The sun salutation that forms the basic scaffolding of the ashtanga vinyasa school of yoga is one of the most curious of poses. You may sometimes find yourself wondering, as I have done, whether you’re in fact engaged in a very fancy sort of burpee: stretch up, hands to the ground, jump back, do a press-up, jump forwards, stretch up—but make it yoga. And if so, you might have hit upon an interesting knot in the tangled history of yoga and gymnastics.

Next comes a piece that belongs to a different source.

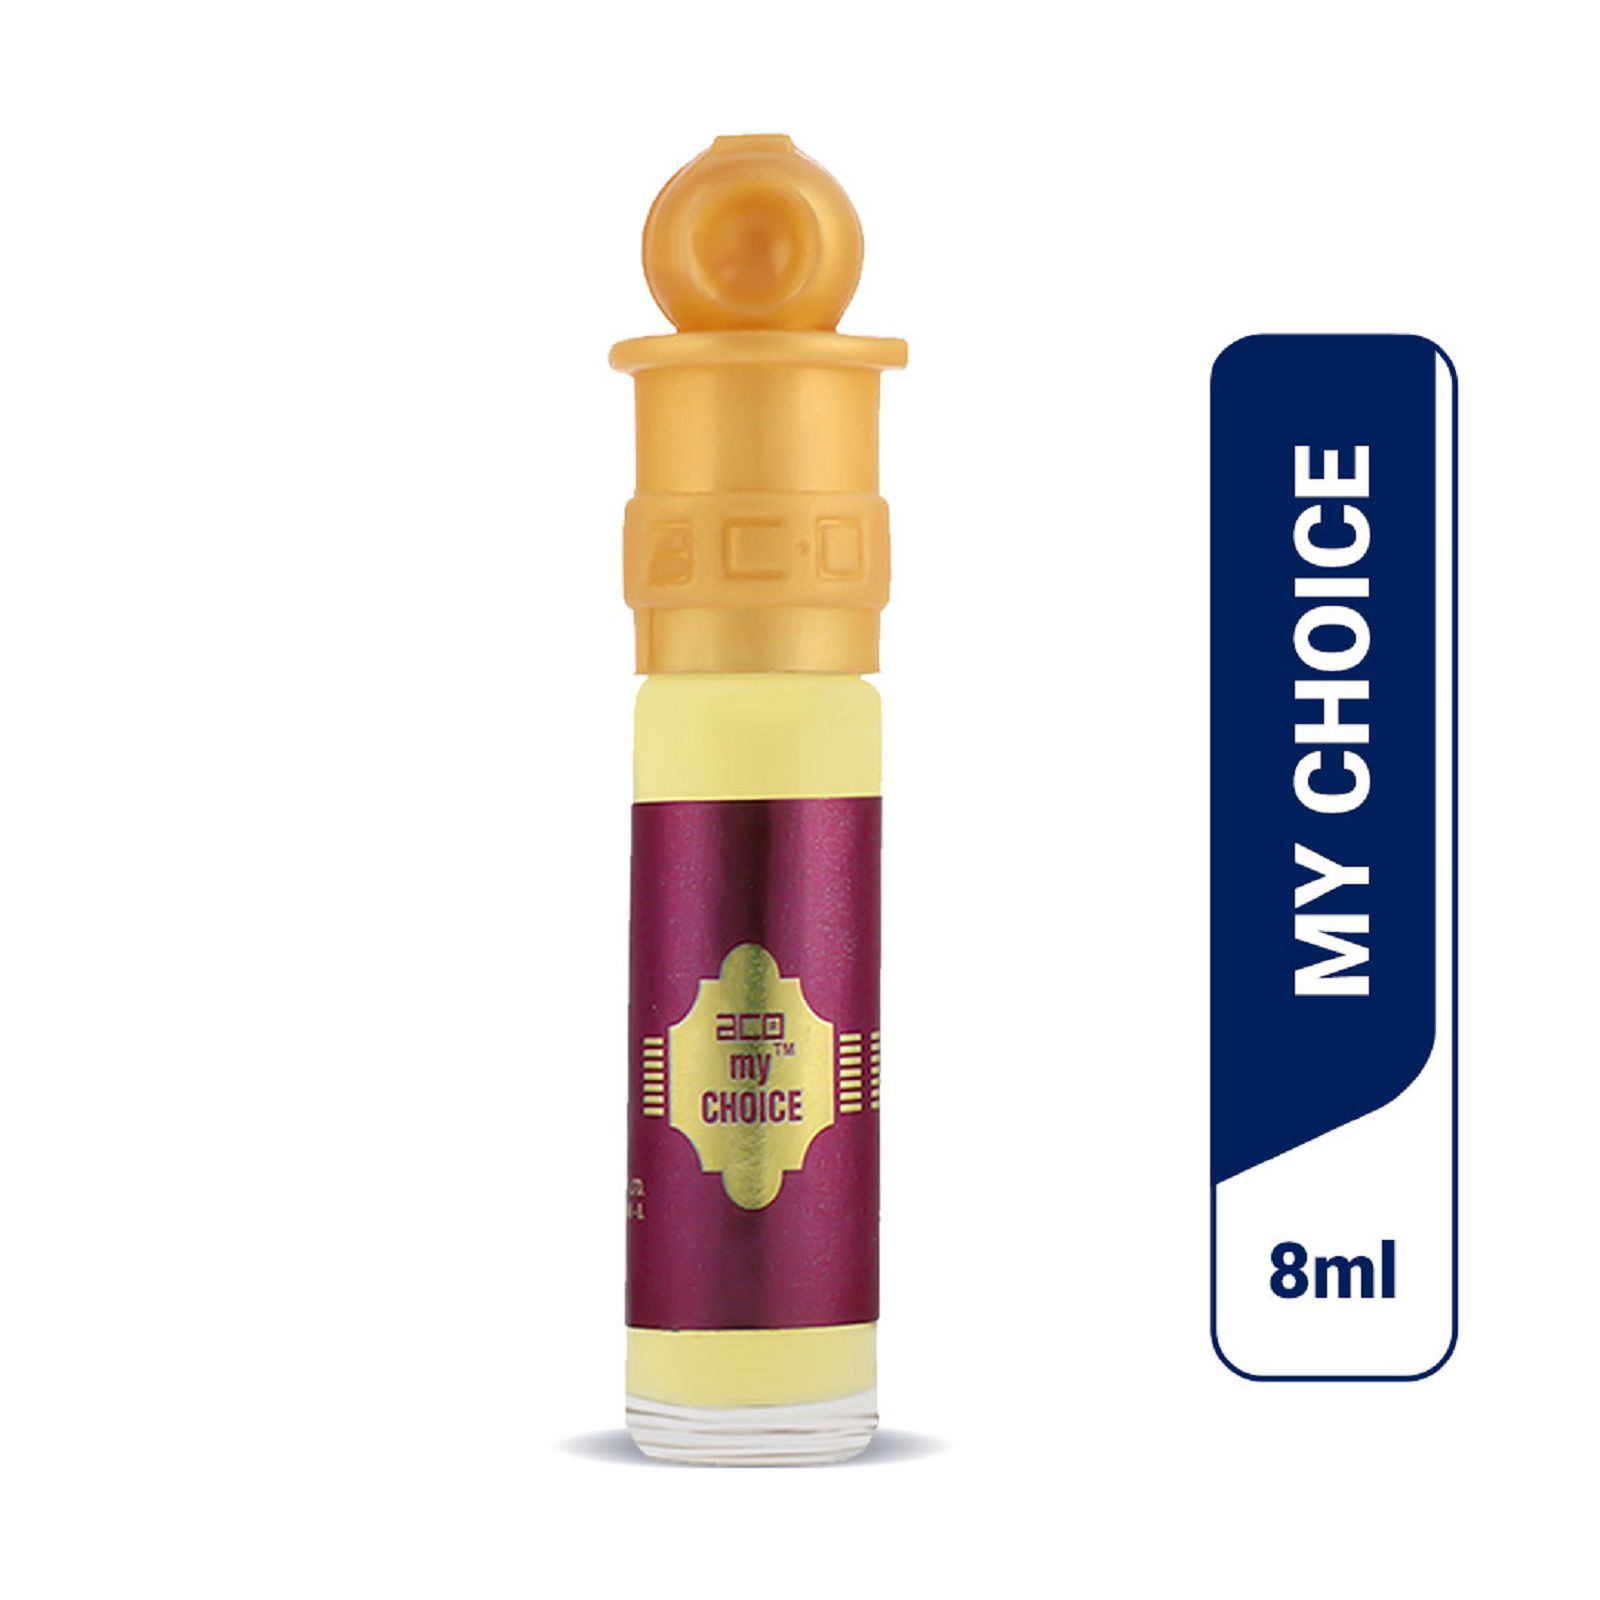     			aco perfumes MY CHOICE  Concentrated  Attar Roll On 8ml

It’s almost certain that the family resemblance between surya namaskar and a burpee is not just coincidence. The great hatha yoga modernizers of the first half of the twentieth century—Tirumalai Krishnamacharya and his star students, K. Pattabhi Jois and B.K.S. Iyengar—developed their practice with reference to a range of influences from both European and Indian physical culture. (This fertile period of cross-pollination has been well documented in recent years—if you’re interested in digging deeper, key figures in contemporary English-language yoga scholarship for this period include Dr. Elizabeth De Michelis and Dr. Mark Singleton.) In later years, Krishnamacharya claimed that his method was derived from an ancient yoga text, which had conveniently been eaten by ants. But although sequences of yoga poses are present in the textual record from around 200 years earlier, the type of fast-moving sequences he pioneered at Mysore in the 1930s were clearly understood at the time as an innovation, and one that borrowed heavily from forms of gymnastics and body-building that were popular in India at that time; so much so that at least one of Krishnamacharya’s contemporary critics accused him of promoting circus skills rather than yoga.

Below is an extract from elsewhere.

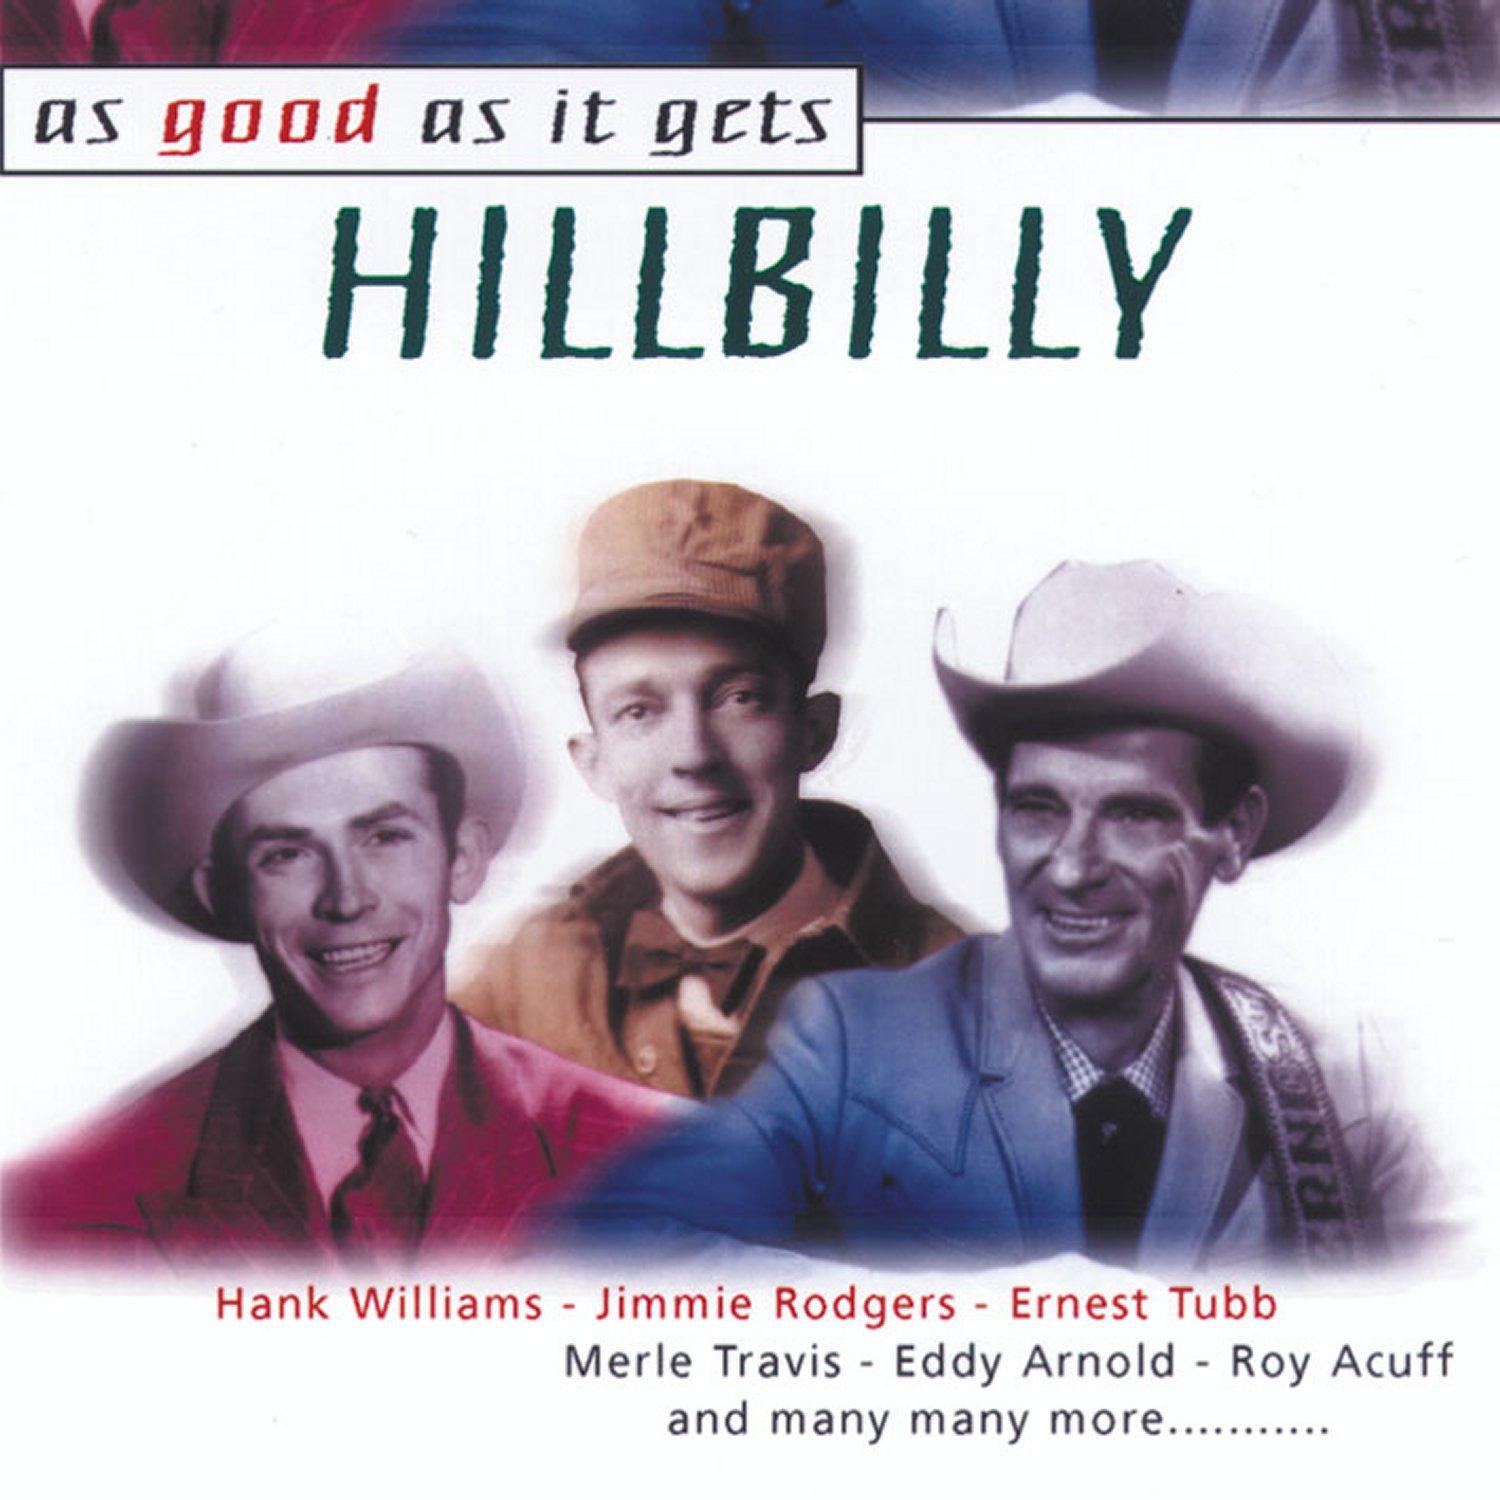 As Good as It Gets: Hillbilly

Anyone who has observed a taught ashtanga class in progress, in all its swooping, strenuous grace, knows that it’s a beautiful spectacle. To the hypnotic soundtrack of synchronized ujjayi breathing (a technique to extend the length and refine the quality of the breath, which makes a characteristic “Darth Vader” sound), the students stretch and fold and jump and float, in unison, through a precise series of poses and linking movements known as vinyasa. This perpetual motion yoga looks very different from the more traditional hatha yoga asana—long-held seated or balancing postures in which the primary discipline is endurance rather than agile movement. But they have something in common: both can be understood as a kind of performance—yoga as spectacle.

It’s fashionable nowadays to talk of postural yoga as a type of inner work from which the outer appearance of the pose is an active distraction. The implication is that yoga-as-performance is not “real” yoga. Whichever side of that particular argument you find yourself on, it’s important to recognize that performance yoga is not a modern phenomenon. A very long time before Instagram, people liked to marvel at the strange things that yoga practitioners can do with their bodies. There’s a centuries-long tradition in India of physical austerities as a devotional practice. Holy men became famous for feats like holding one arm up in the air, or standing up 24 hours a day, for months or even years. When pioneering spiritual tourist Theos Bernard travelled to India to learn hatha yoga in the 1930s, the main focus of his training was on posture duration: holding a headstand for a minute longer each day until he could stay in place for three hours at a stretch. Obviously, many if not most devotees practiced their headstands in private—the fifteenth-century text Hathayogapradipika specifies a secluded hut in the forest for the perfection of yoga asana—but having eschewed possessions and traditional forms of labor, the yogins still needed to eat. Displaying their skills in the public square in exchange for alms was extremely common.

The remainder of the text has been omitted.